It is known that 77% of all new products introduced in grocery stores fail (are taken off the market) within 2 years. If a grocery store chain introduces 62 new products, find the following probabilities. (Round your answers to four decimal places.)
(d) within 2 years fewer than 10 succeed
To find the probability of within 2 years fewer than 10 new products succeeding, we need to calculate the probability of 0, 1, 2, 3, 4, 5, 6, 7, 8, and 9 new products succeeding, and then sum them up.

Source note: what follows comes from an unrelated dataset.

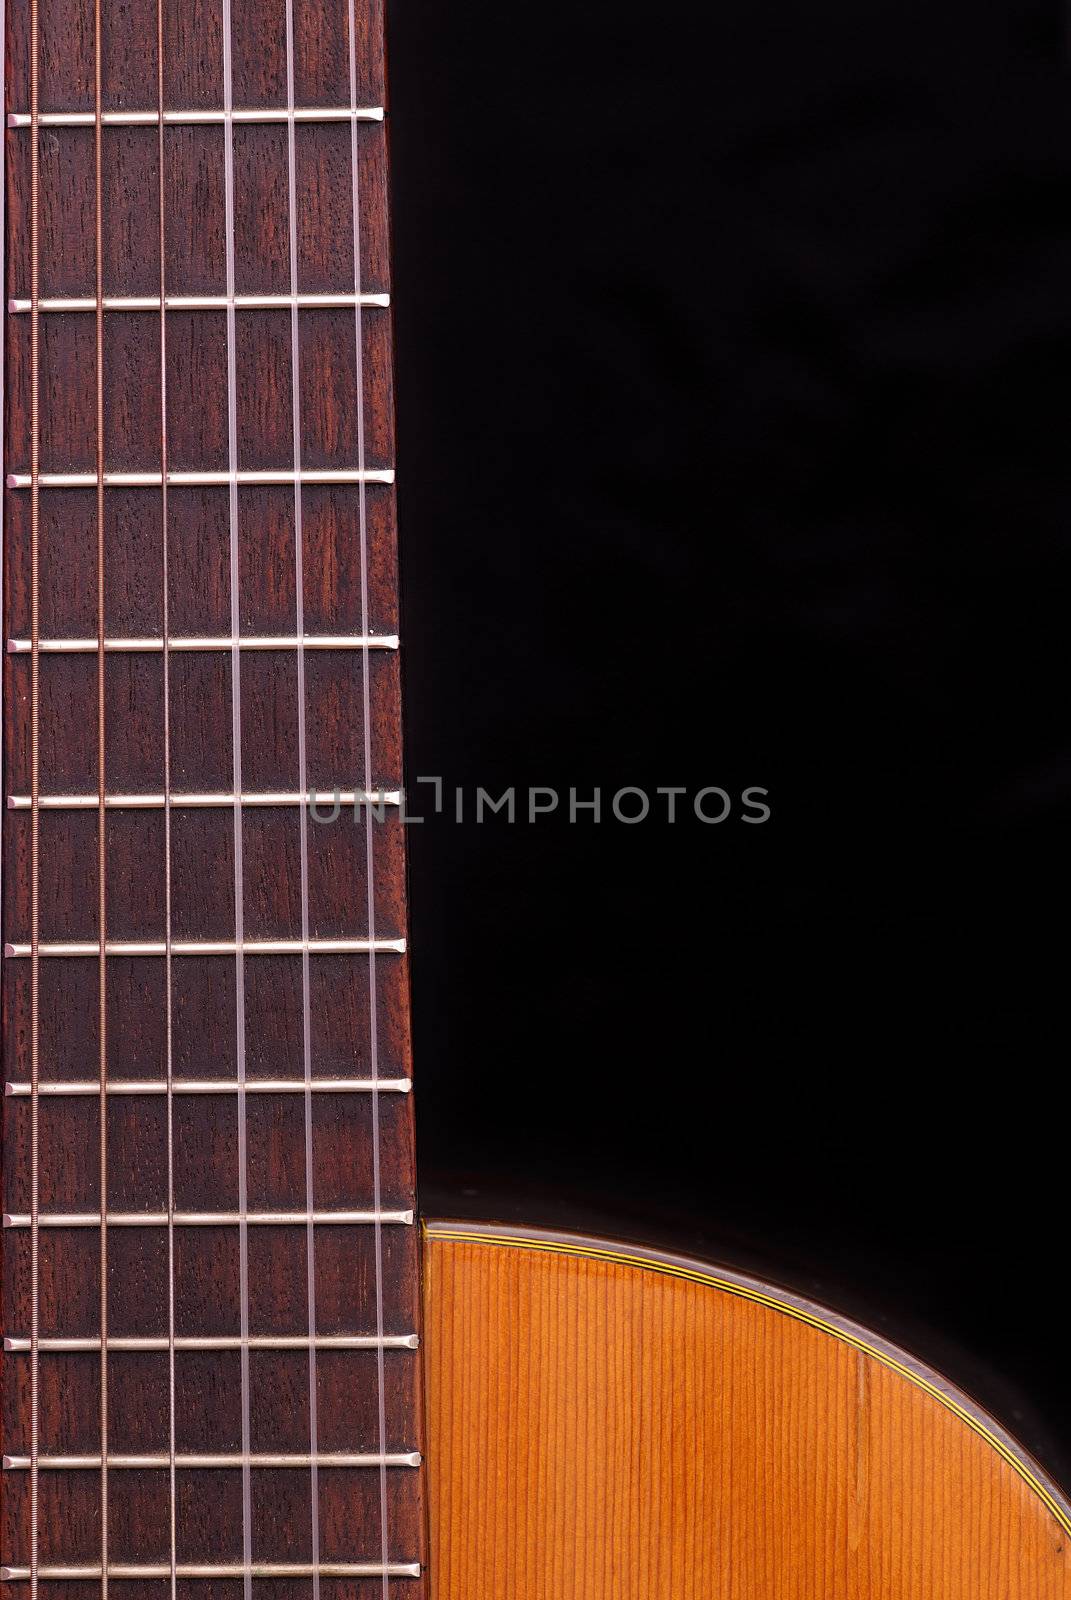 Detail of classic guitar fretboard (Spanish), against black background.
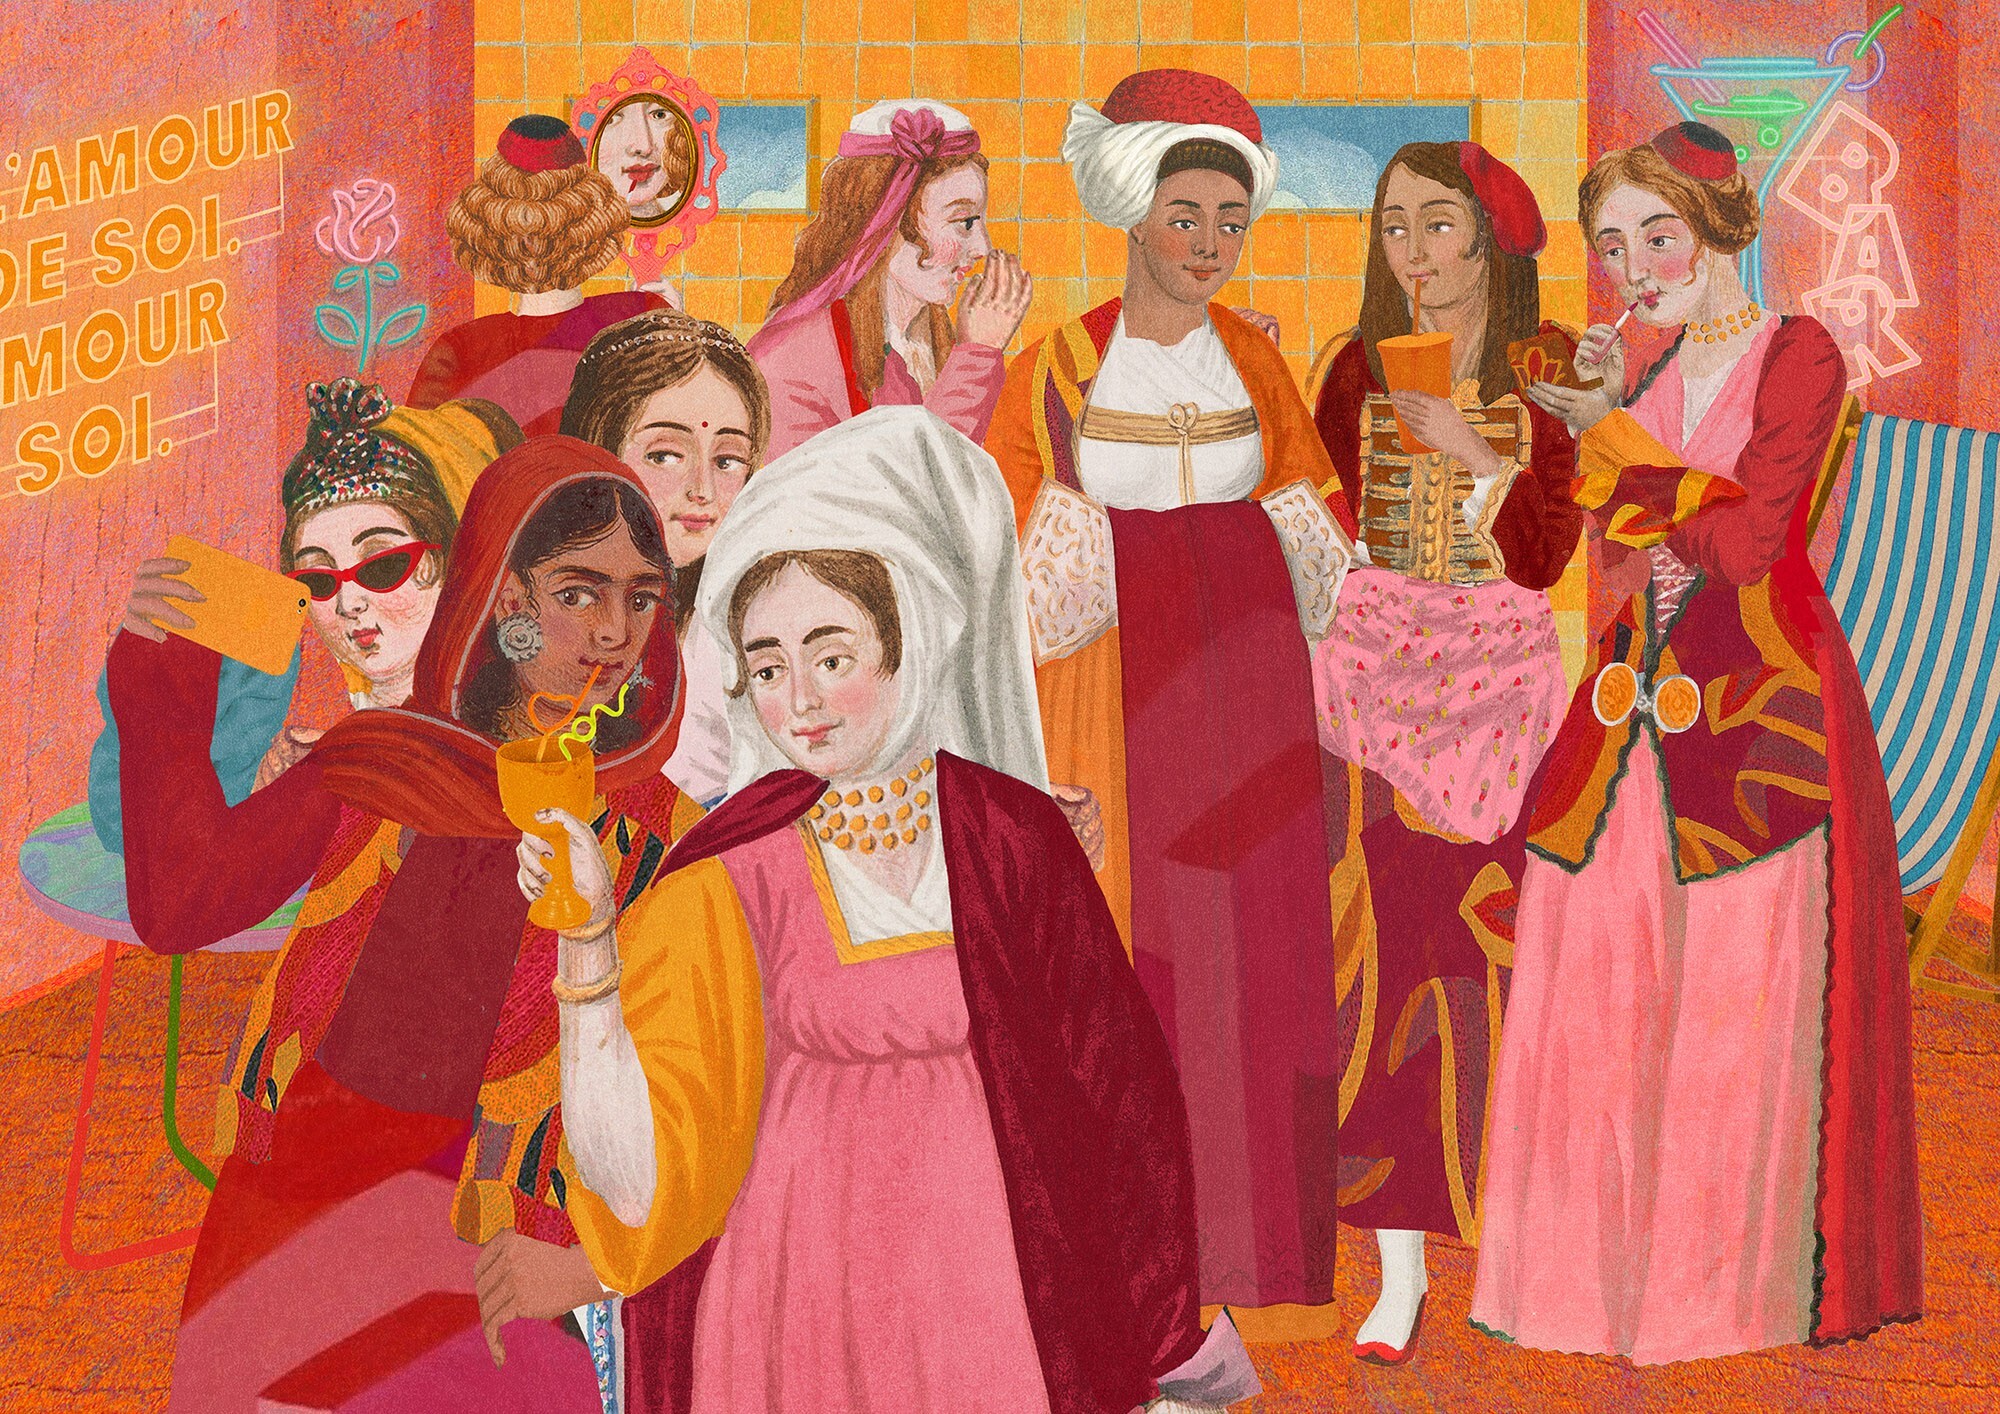 Indonesian artist Anindya Anugrah’s illustration Powder Room, of women in historical dress taking selfies, is an example of how she marries the medieval with the modern.

Given that 77% of all new products fail within 2 years, the probability of a new product succeeding is 1 - 0.77 = 0.23.
Let's calculate the probabilities for each case:
Probability of 0 new products succeeding:
P(X = 0) = (0.77)^62
Probability of 1 new product succeeding:
P(X = 1) = (0.23)^1 * (0.77)^61 * 62C1
Probability of 2 new products succeeding:
P(X = 2) = (0.23)^2 * (0.77)^60 * 62C2
Probability of 3 new products succeeding:
P(X = 3) = (0.23)^3 * (0.77)^59 * 62C3
Probability of 4 new products succeeding:
P(X = 4) = (0.23)^4 * (0.77)^58 * 62C4
Probability of 5 new products succeeding:
P(X = 5) = (0.23)^5 * (0.77)^57 * 62C5
Probability of 6 new products succeeding:
P(X = 6) = (0.23)^6 * (0.77)^56 * 62C6
Probability of 7 new products succeeding:
P(X = 7) = (0.23)^7 * (0.77)^55 * 62C7
Probability of 8 new products succeeding:
P(X = 8) = (0.23)^8 * (0.77)^54 * 62C8
Probability of 9 new products succeeding:
P(X = 9) = (0.23)^9 * (0.77)^53 * 62C9
Now, we can add up all of these probabilities to get the final result:
P(within 2 years fewer than 10 succeed) = P(X = 0) + P(X = 1) + P(X = 2) + P(X = 3) + P(X = 4) + P(X = 5) + P(X = 6) + P(X = 7) + P(X = 8) + P(X = 9)
Once you substitute the values and perform the calculations, you will find the probability of within 2 years fewer than 10 new products succeeding.